"Leão do Mar" (, "Lion of the Sea") is a hymn of Santos FC. It was commissioned in 1955 to celebrate the club's second Campeonato Paulista, and their first in 20 years. The words were written by Mangeri Neto and the music was composed by Mangeri Sobrinho.

Although the anthem is not officially recognized, it is highly regarded as the de facto anthem of Santos, played during television coverages, goals and title commemorations. Both players and fans have publicly pushed for the recognition of the hymn by the club.

Hymn lyrics  
 Original version in Portuguese language(and English translation):
Santos!! Santos!! Gol!!  (Santos! Santos! Goal!)

Agora quem dá bola é o Santos,  (Now Santos controls the ball,) 
O Santos é o novo campeão,  (Santos is the new champion,)
Glorioso alvinegro praiano,  (Glorious black-and-white from the beach,)
Campeão absoluto desse ano!,  (Absolute champion this year!)

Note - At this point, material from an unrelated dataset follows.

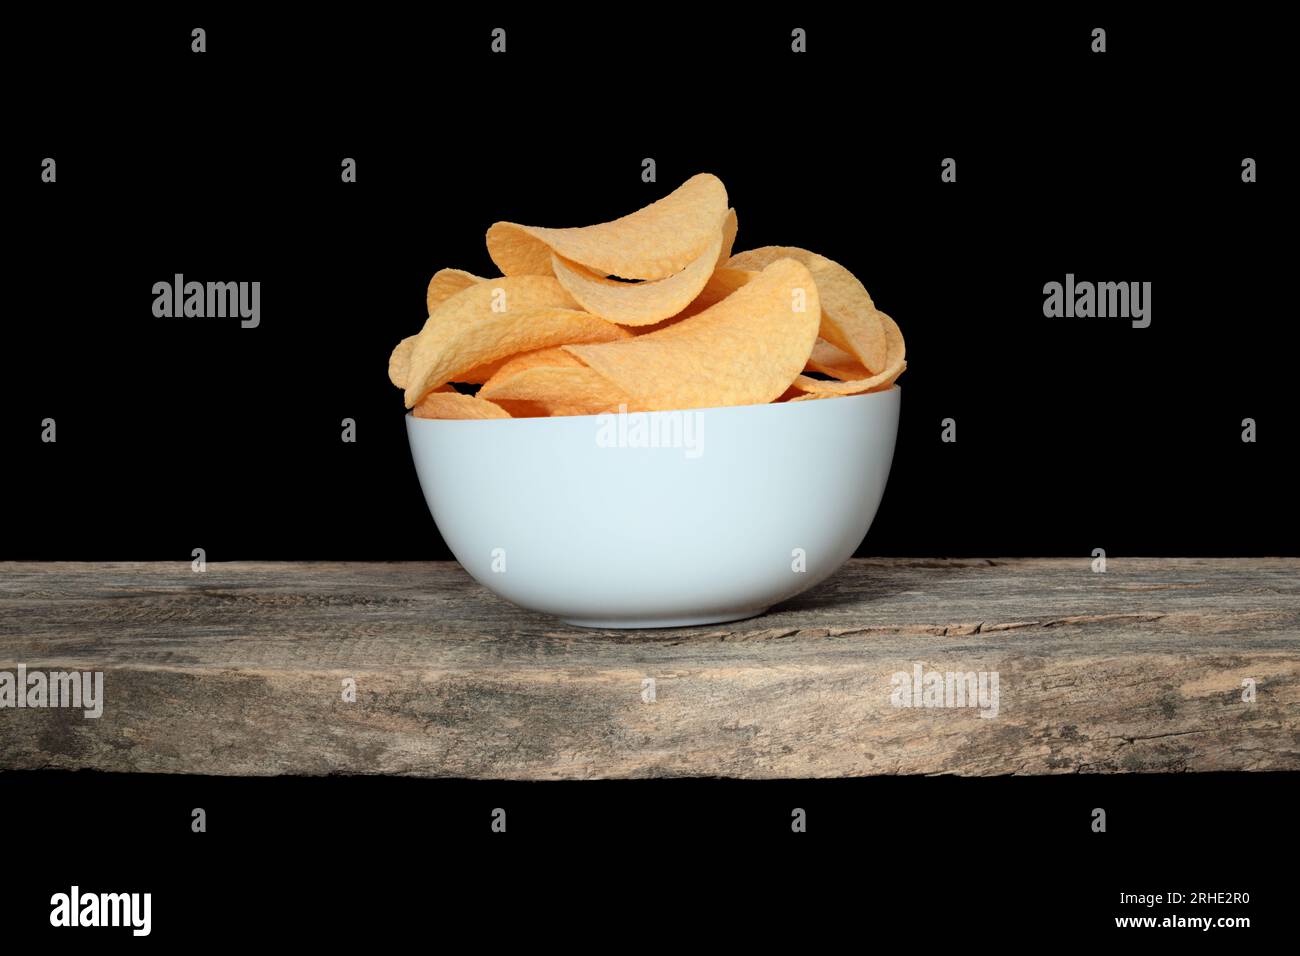 Potato chips bowl standing on old wooden plank, on black background close-up Stock Photo

Agora quem dá bola é o Santos,  (Now Santos controls the ball,) 
O Santos é o novo campeão,  (Santos is the new champion,)
Glorioso alvinegro praiano,  (Glorious black-and-white from the beach,)
Campeão absoluto desse ano!,  (Absolute champion this year!)

Santos!!  (Santos!!)

Santos sempre Santos,  (Santos, always Santos,)
Dentro ou fora do alçapão,  (Be it home or away,)
Jogue o que jogar,  (However well you play,)
És o leão do mar,  (You're the lion of the sea,)
Salve o nosso campeão!!!,  (Hail to our champion!)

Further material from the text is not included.